Journalist Q&A: Robbie Myers, editor-in-chief, Elle

Elle editor-in-chief Robbie Myers has worked for such consumer titles as Rolling Stone and Seventeen. She talks to Alexandra Bruell about the significance of branding at Elle and its new ventures in the digital space.

Name: Robbie Myers
Title: Editor-in-chief; VP, brand content
Outlet: Elle
Contact: ekaplan@hfmus.com
Website: elle.com

Elle editor-in-chief Robbie Myers has worked for such consumer titles as Rolling Stone and Seventeen. She talks to Alexandra Bruell about the significance of branding at Elle and its new ventures in the digital space

Brand content is in your title. What does it mean for your responsibilities outside of traditional editorial leadership?

RM: Editorial is present in most, if not all of the branding. For example, we have editors and marketing people on television shows. Erin Kaplan is on MTV's The City; she's director of publicity here. Joe Zee is also on the show; he's our creative director.

We have editors who are clearly dedicated to print and those clearly dedicated to Web, and we're actually trying to meld those together. Whoever is producing content must think about how it will be expressed in digital mediums, what's the iPad part, what's the print part, and so on.

What new things are you doing in the digital space to reach your readers?

RM: There's been a big push in beauty on Elle.com. The online audience has a great appetite for beauty and the users consume it in a very particular way. We have a section where users can upload their own beauty how-to videos.
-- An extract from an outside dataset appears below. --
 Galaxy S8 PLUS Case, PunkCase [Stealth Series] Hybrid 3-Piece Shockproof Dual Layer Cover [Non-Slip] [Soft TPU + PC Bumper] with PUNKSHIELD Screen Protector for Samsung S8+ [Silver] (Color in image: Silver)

Another element that's a big part of the identity of Elle is accessories. When we brought the magazine here 25 years ago, it came with that French idea that accessories are the way you can express your personal style. We're creating a separate accessories channel on Elle.com.

When will that launch?

RM: It's in the making right now, and then we're relaunching the blogs to become a news destination. My editorial director Keith Pollock is running all these things.

How are these high-profile reality TV efforts related to your goals for the overall Elle brand and positioning?
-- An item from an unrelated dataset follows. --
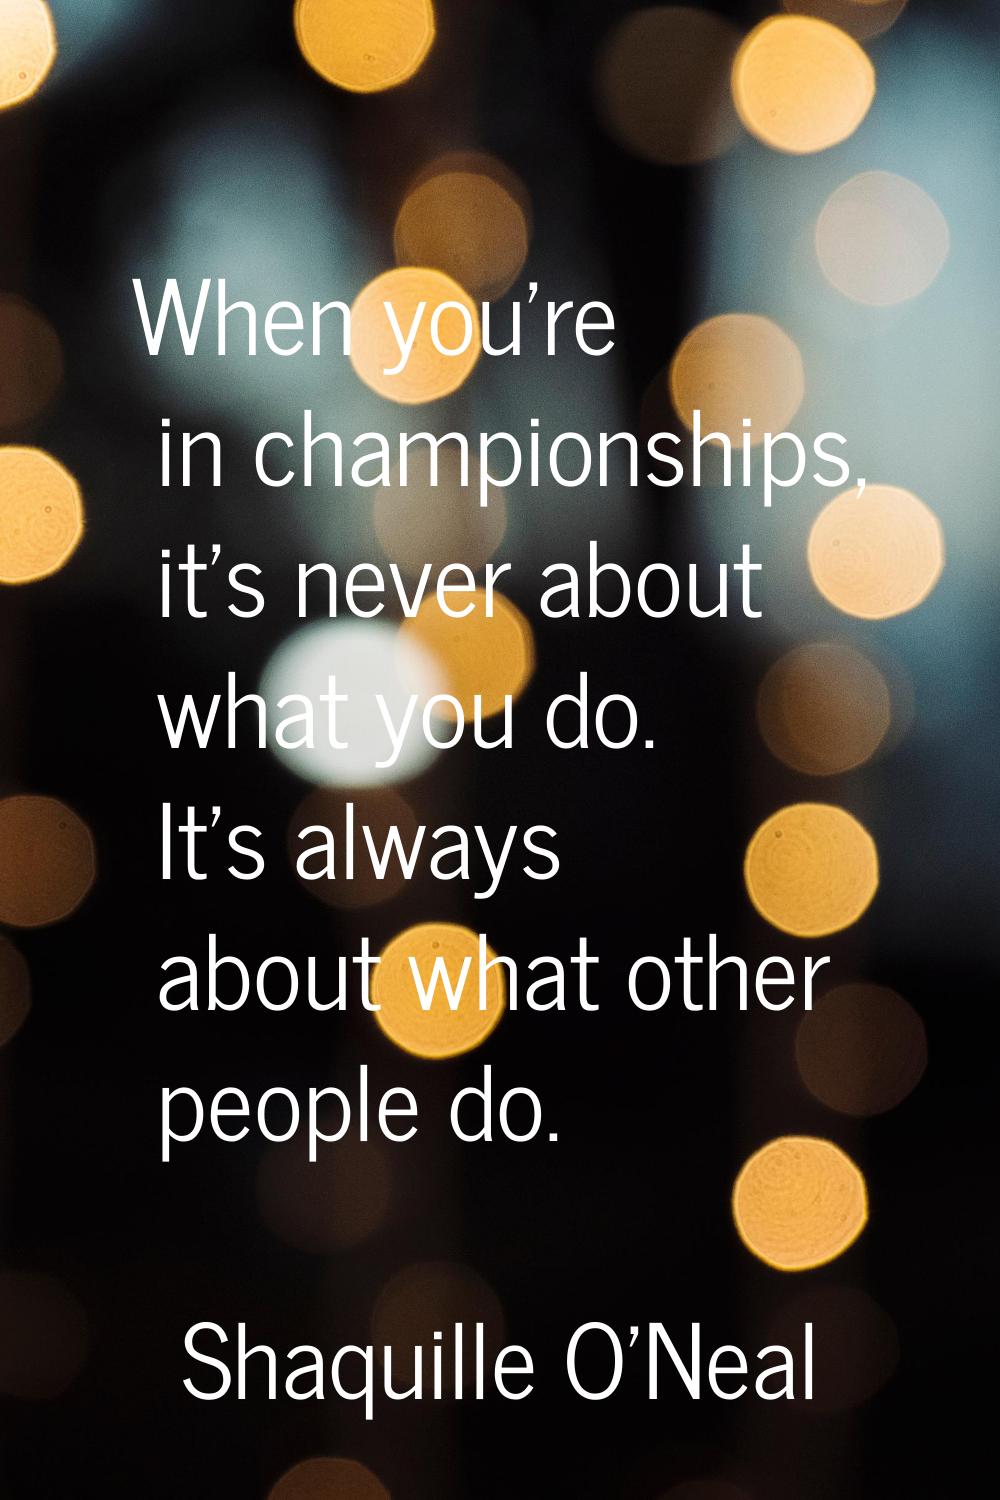 When you're in championships, it's never about what you do. It's always about what other people do.

RM: It's not just reality TV. We've been on scripted television. We've developed a nice relationship with morning shows, providing editorial content.
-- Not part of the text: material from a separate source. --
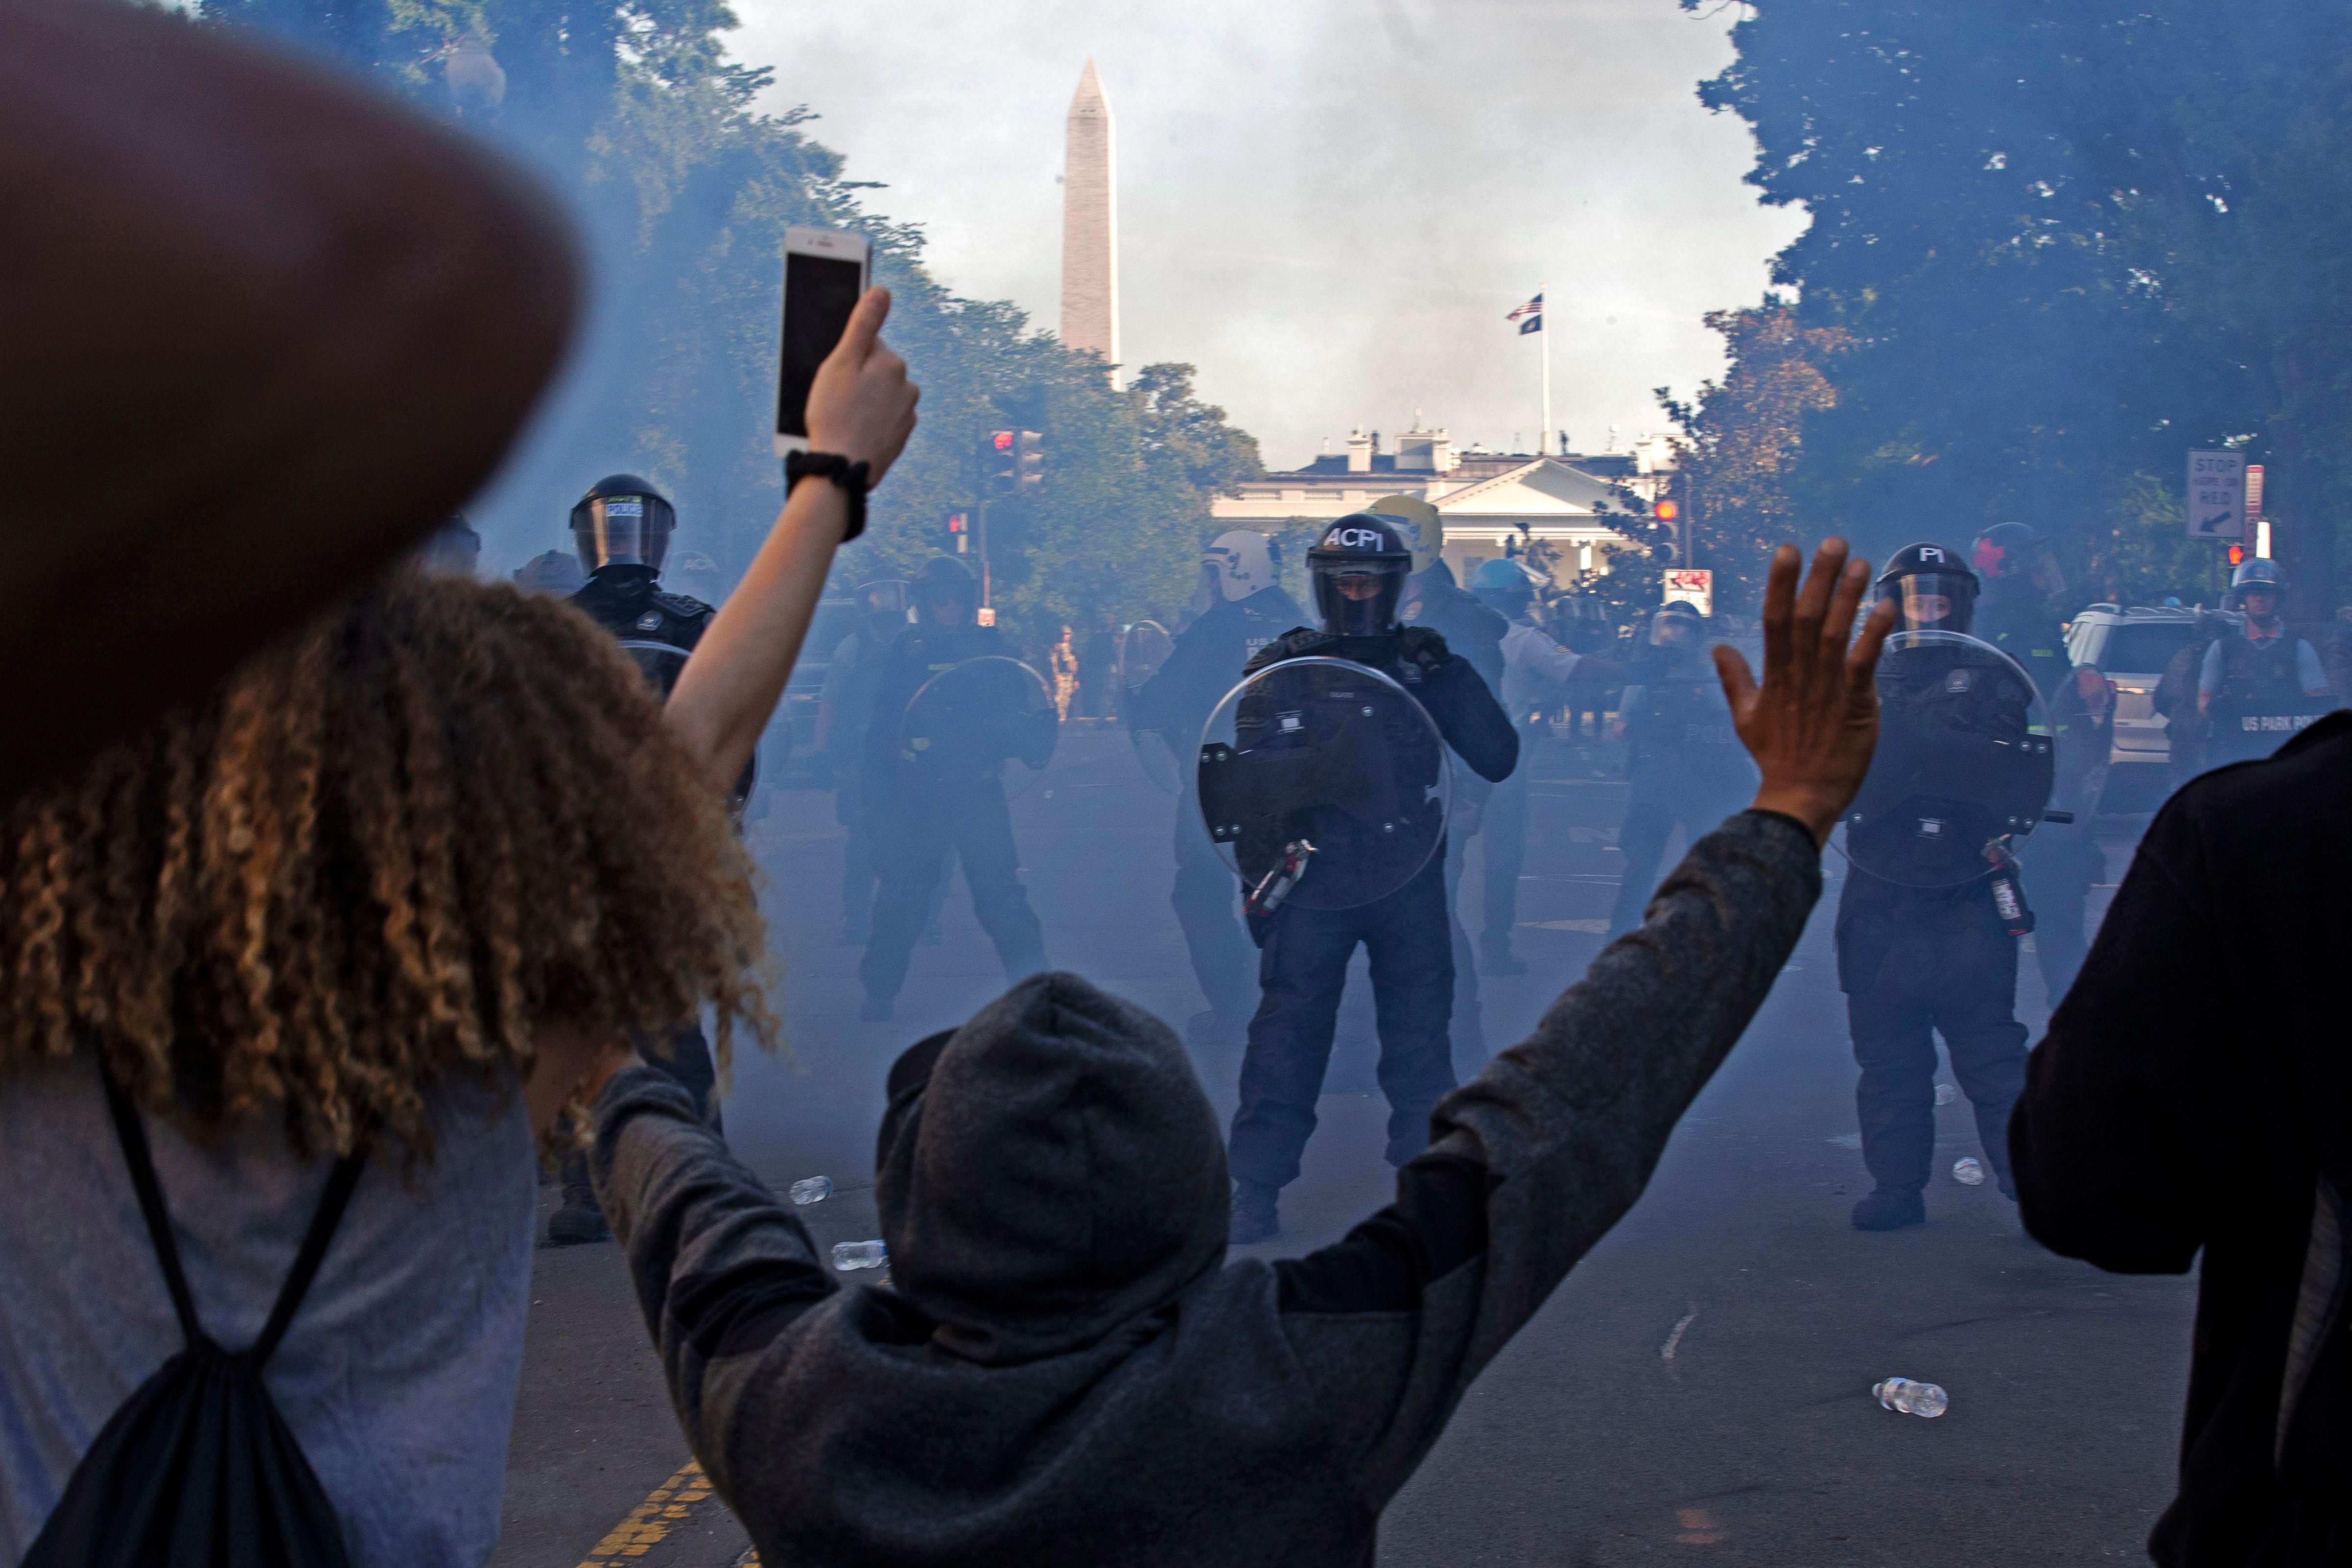 Protesters raise their hands as Secret Service officers can be seen through smoke on a street.

There's a much larger media presence, which, of course, is important for branding. It says who we are, what our point of view is, where we stand on everything from fashion to politics, beauty, health, and sexuality, all of which we cover. We are a core fashion title, but we cover a lot of different things. I like to think we cover them well.

Elle seems to have done well over the past couple of years, especially considering the downturn. Have these branding efforts contributed?

RM: Without a doubt. Project Runway was, in the fashion industry, unique, and our relationship with it changed the landscape of various magazines' relationships with television. We were able to reach out to a whole new audience.

Particularly with The City, in terms of our reach and our MRI [Mediamark Research & Intelligence] research, we had a 35% increase in our 18-24 audience. If you're a scientist, you couldn't prove cause and effect, but that's The City's key demographic. The other thing is our audience recently went from 5.2 million to 6.1 million, an 18% increase, the largest of any fashion title.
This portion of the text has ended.